There are no general criteria that have been prescribed for hiring and appointment can largely be determined based on criteria set out by the recruiting entity, subject to meeting prescribed thresholds of minimum wage and age, and adhering to anti-discrimination laws such as the Equal Remuneration Act, 1976 and the Rights of Persons with Disabilities Act, 2016. The dismissal of employees would be governed by the terms of the employment contract, central statutes, and/or state-specific statutes. Indian employment laws regarding termination vary depending on a number of factors, including the type of work performed by the employee, the state in which the employee is located and the business of the employer. Depending upon the nature of the employee, i.e., skilled or non-skilled/workmen, laws such as the Industrial Disputes Act, 1947 and state-specific shops and commercial establishments aw may be applicable and require that adequate notice and statutory severance compensation is provided to eligible employees at the time of termination from employment. Additionally, the Government has consolidated various central employment law statutes into four labour codes; viz., the Industrial Relations Code, 2020, the Code on Social Security, 2020, the Occupational Health, Safety and Working Conditions Code, 2020 and the Code on Wages, 2019. The codes are not yet in effect and it is understood from information in the public domain that they are likely to be brought into effect in April 2021. Organisations would also be required to adhere to the requirements set out under these codes once they are implemented.

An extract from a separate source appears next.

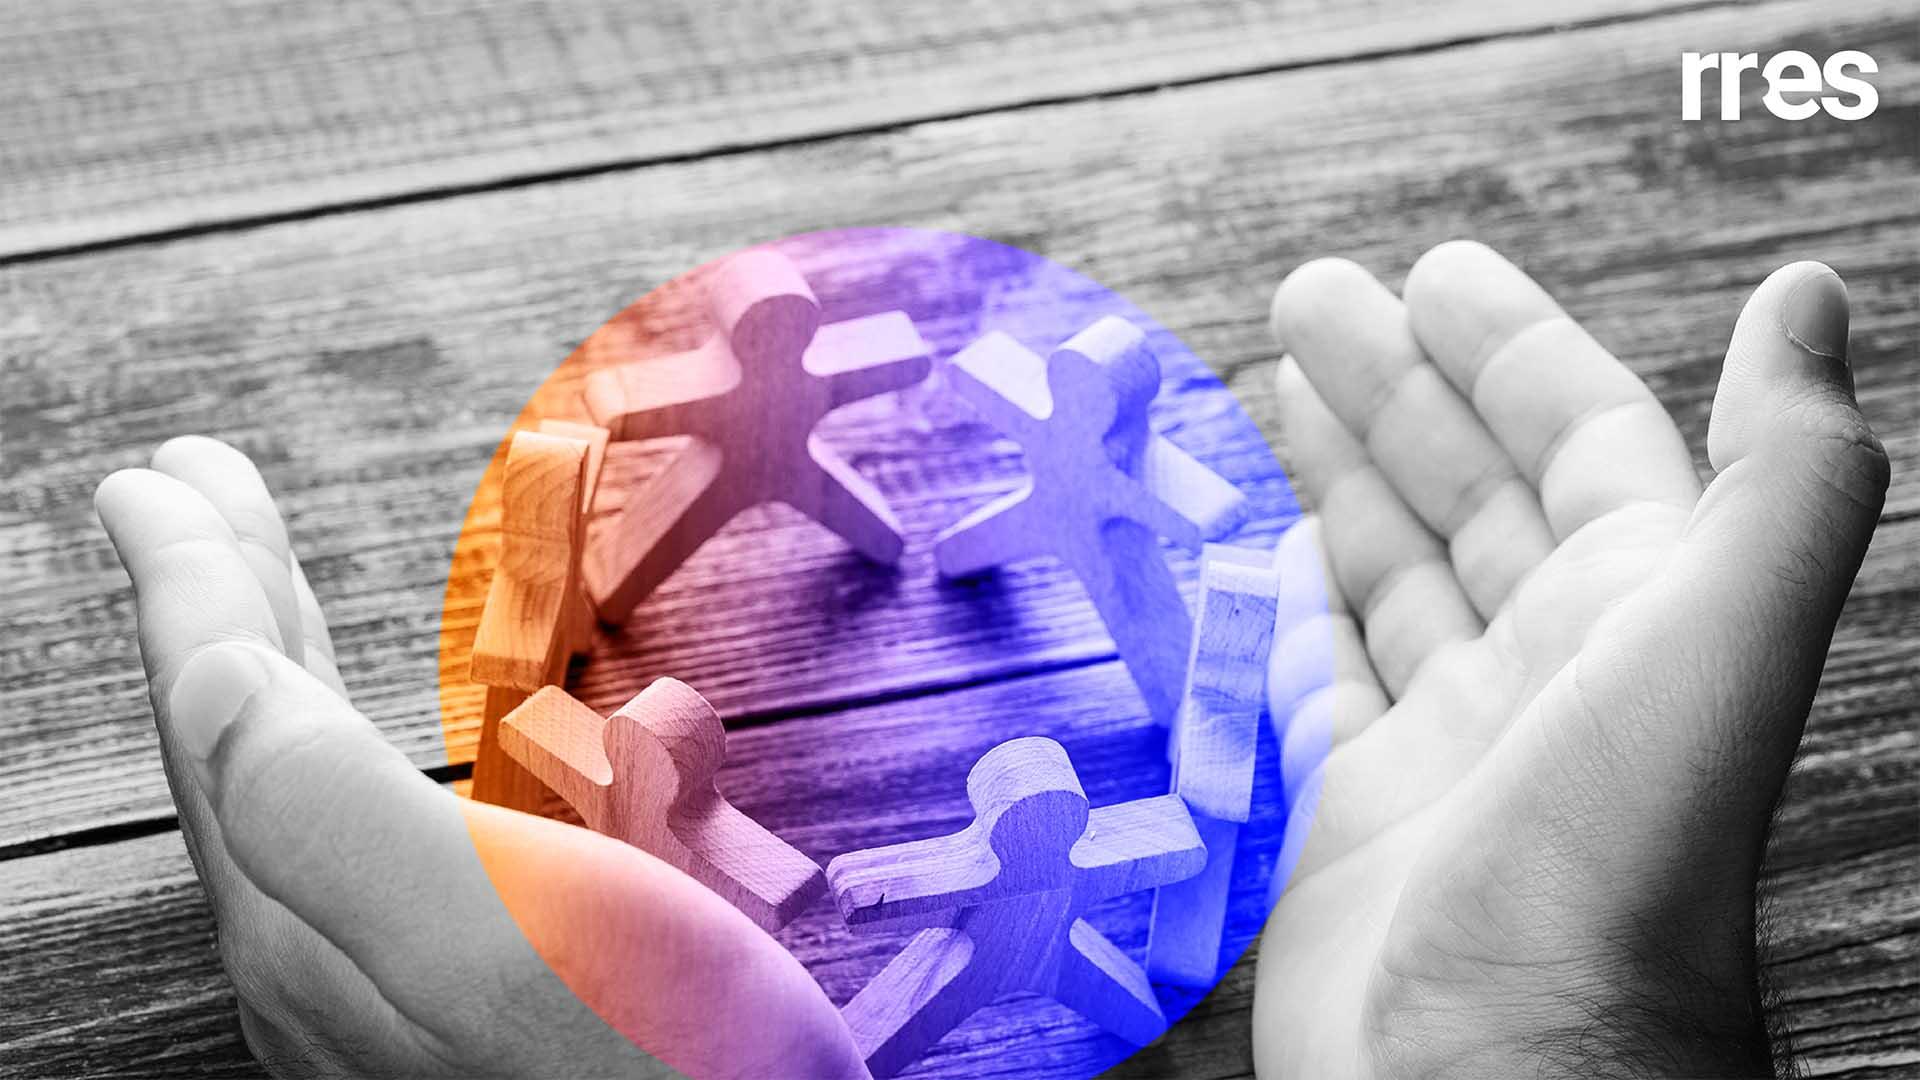 Aprender a vivir en común, por Orlando Viera-Blanco*

5.2 What, if any, mandatory employment benefits must be provided to staff?
The requirement to pay statutory employment benefits varies based on a number of factors, including the industry of the employer, number of employees in the establishment and service period of the employee. General statutory employment benefits include payment of gratuity, social security contributions (i.e., provident fund and employee state insurance contributions),
leaves (including earned, casual and sick leaves), maternity benefits, etc.

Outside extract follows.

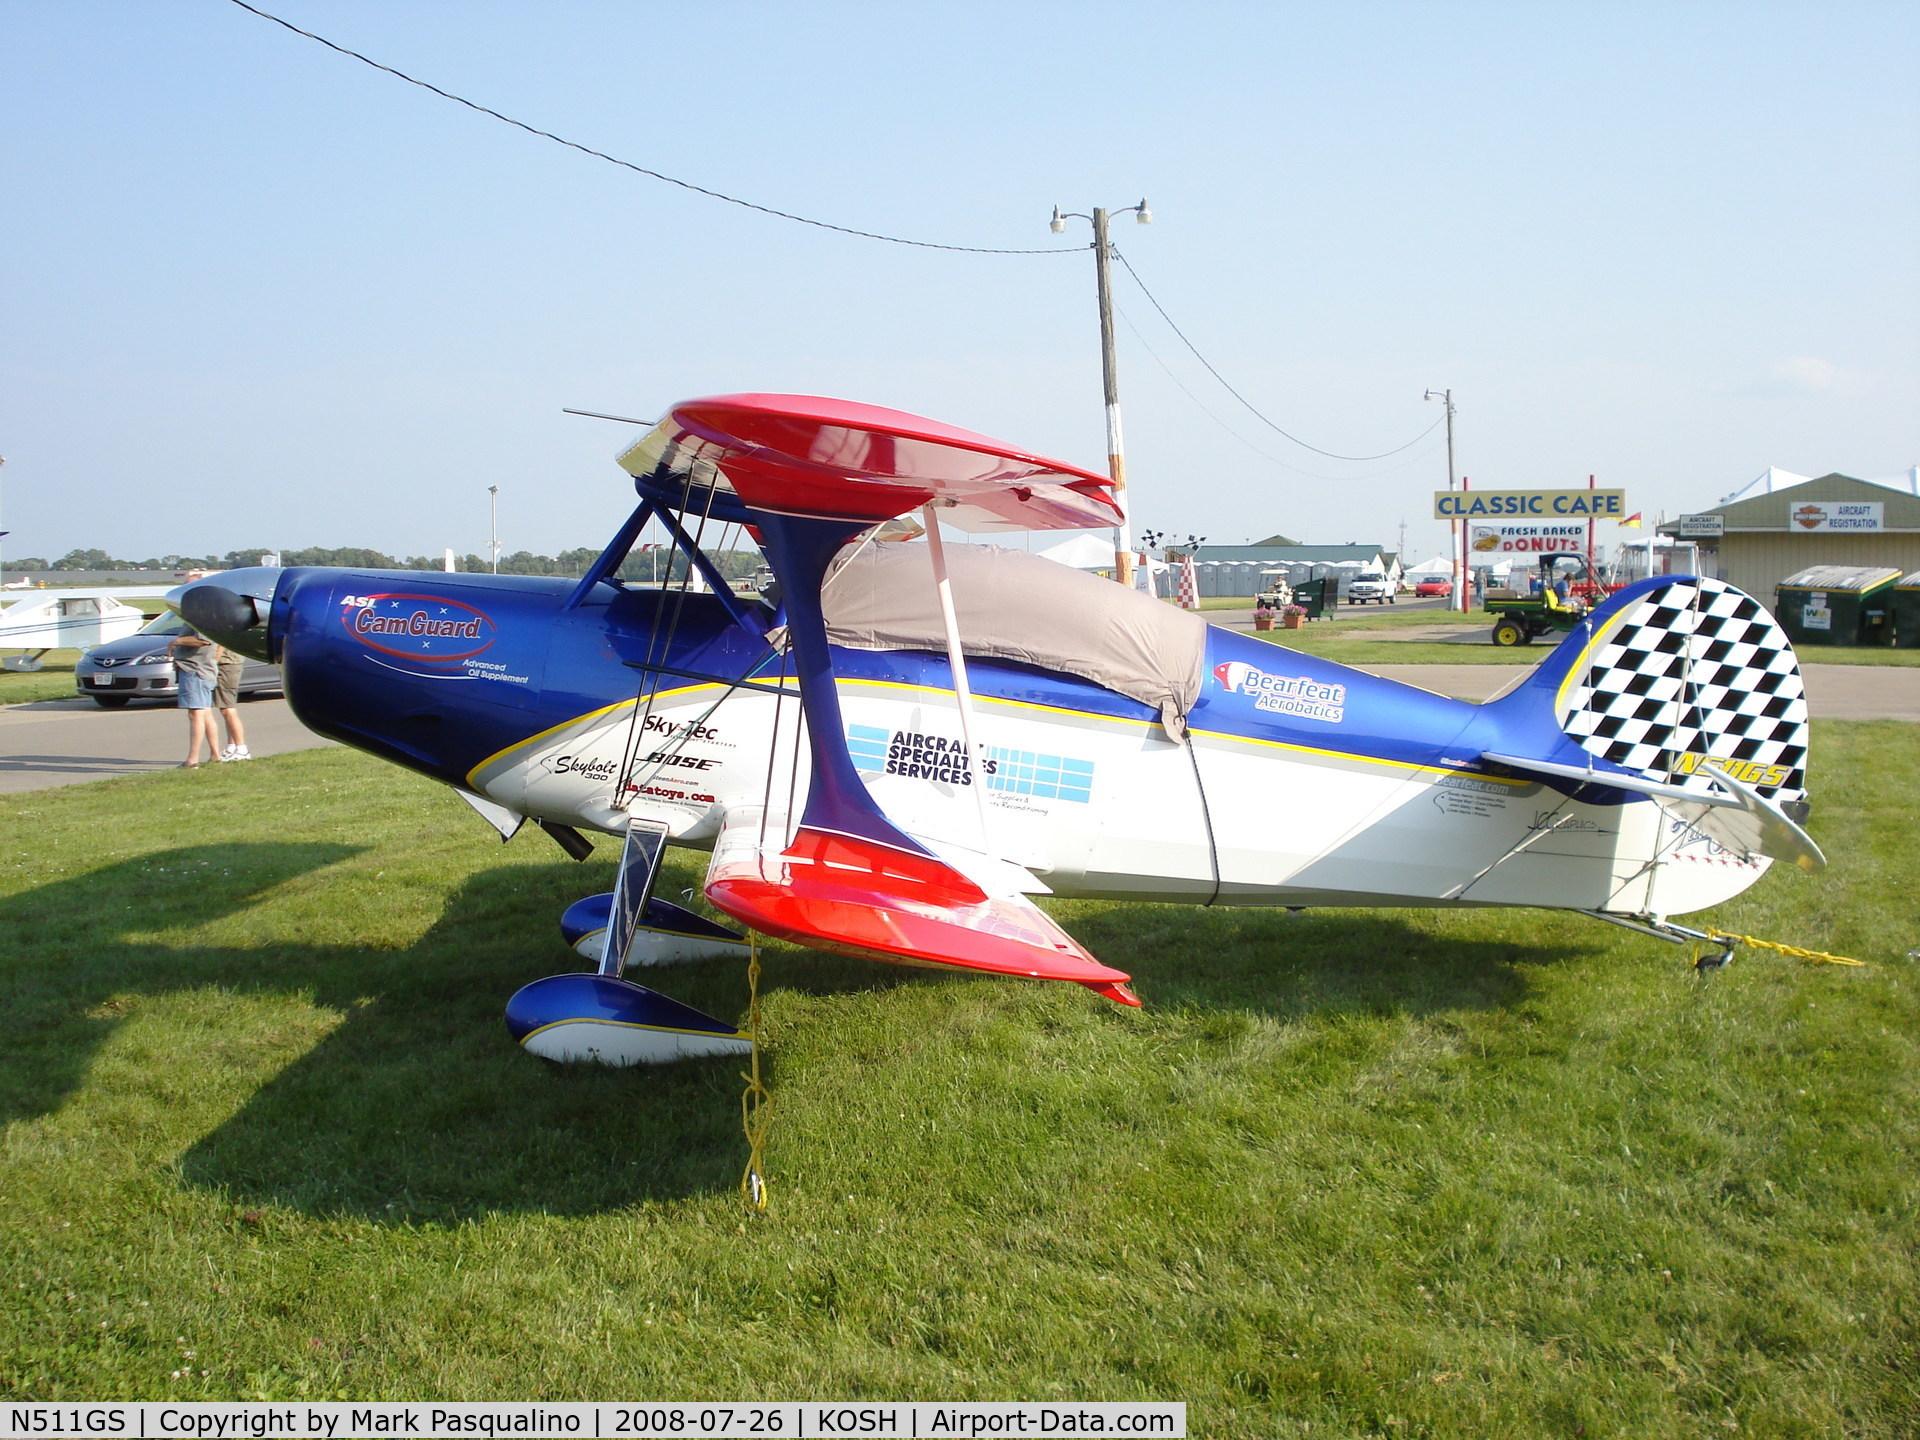 N511GS, 1993 Steen Skybolt 300 C/N HR30091001, Skybolt 300

5.3 What, if any, hurdles must businesses overcome to bring employees from outside your jurisdiction into your jurisdiction? Is there a special route for obtaining permission for individuals who wish to work for fintech businesses?
Transfer of employees is typically undertaken contractually subject to ensuring that such transfer is in accordance with immigration and taxation laws. Commonly, the biggest hurdle lies in ensuring necessary work permits/visas are obtained for such employees. In order to receive an Indian employment work visa, the applicant should be a highly skilled and/or qualified professional being engaged at a senior/skilled position and therefore a work visa will not be granted for routine, ordinary or clerical positions. In the event that an employer seeks to appoint such employee, he must also ensure that the employee’s salary is in excess of USD 25,000 per year, unless the position is specifically exempted from meeting this requirement.

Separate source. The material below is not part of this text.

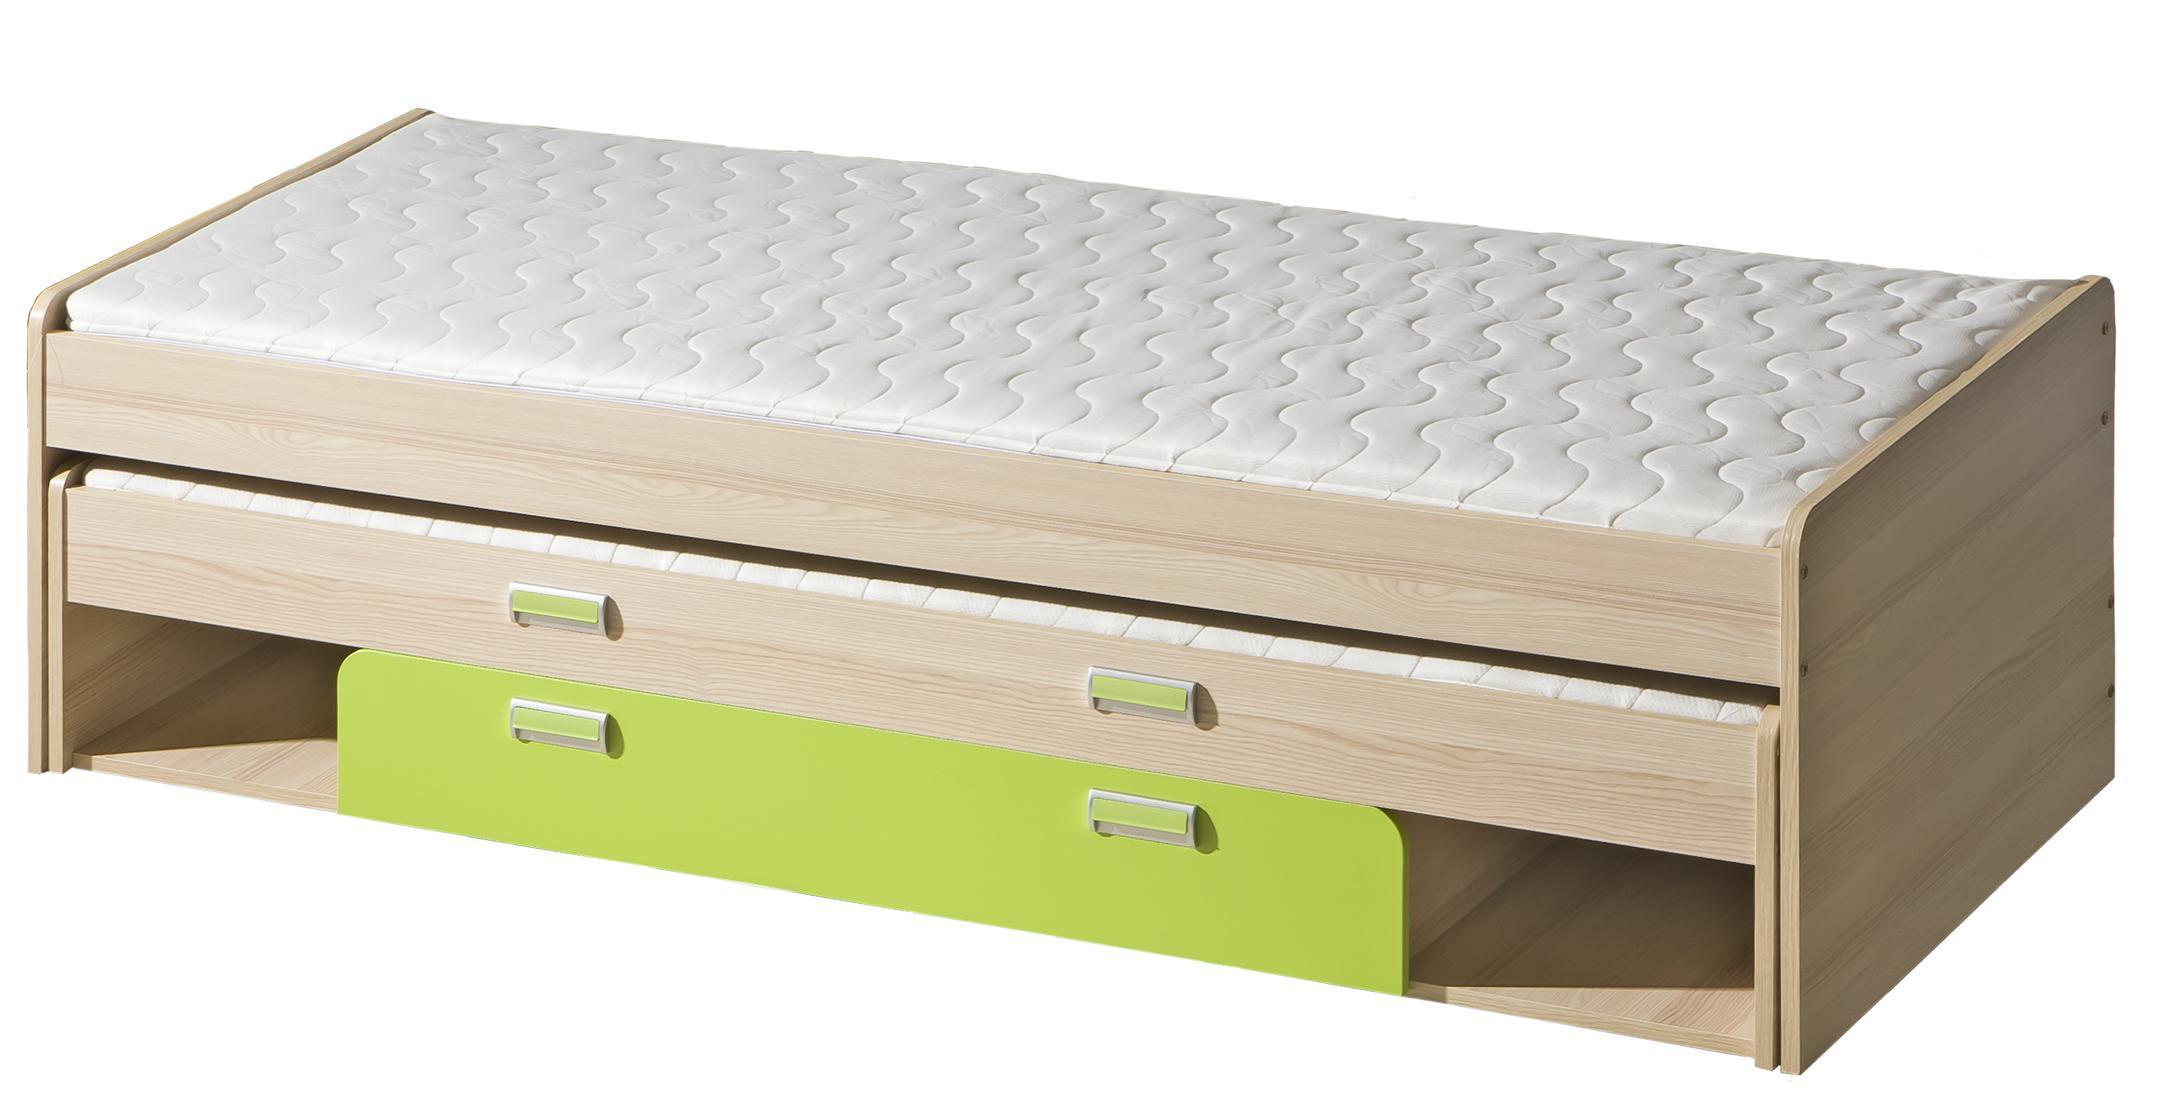 Rozkládací postel 80 cm - Lavendon - L16 (s rošty) (zelená)

6.1 Please briefly describe how innovations and inventions are protected in your jurisdiction.
India, being a signatory to the Agreement on Trade-Related Aspects of Intellectual Property Rights, has established a robust intellectual property (“IP”) rights regime pursuant to the Patents Act, 1970, Copyright Act, 1957, Designs Act, 2000 and Trademark Act, 1999, along with recognition being provided under the creator’s moral/common law rights. Each of these pieces of legislation seek to identify the true creator/author of the product and thereafter provide protection depending upon the uniqueness of the innovation. Specifically vis-à-vis technology, ordinarily protection under copyright, trademark and design laws is provided. However, a patent protection is often difficult to obtain since an algorithm, mathematical or business method or computer program is not per se considered patentable subject matter in India.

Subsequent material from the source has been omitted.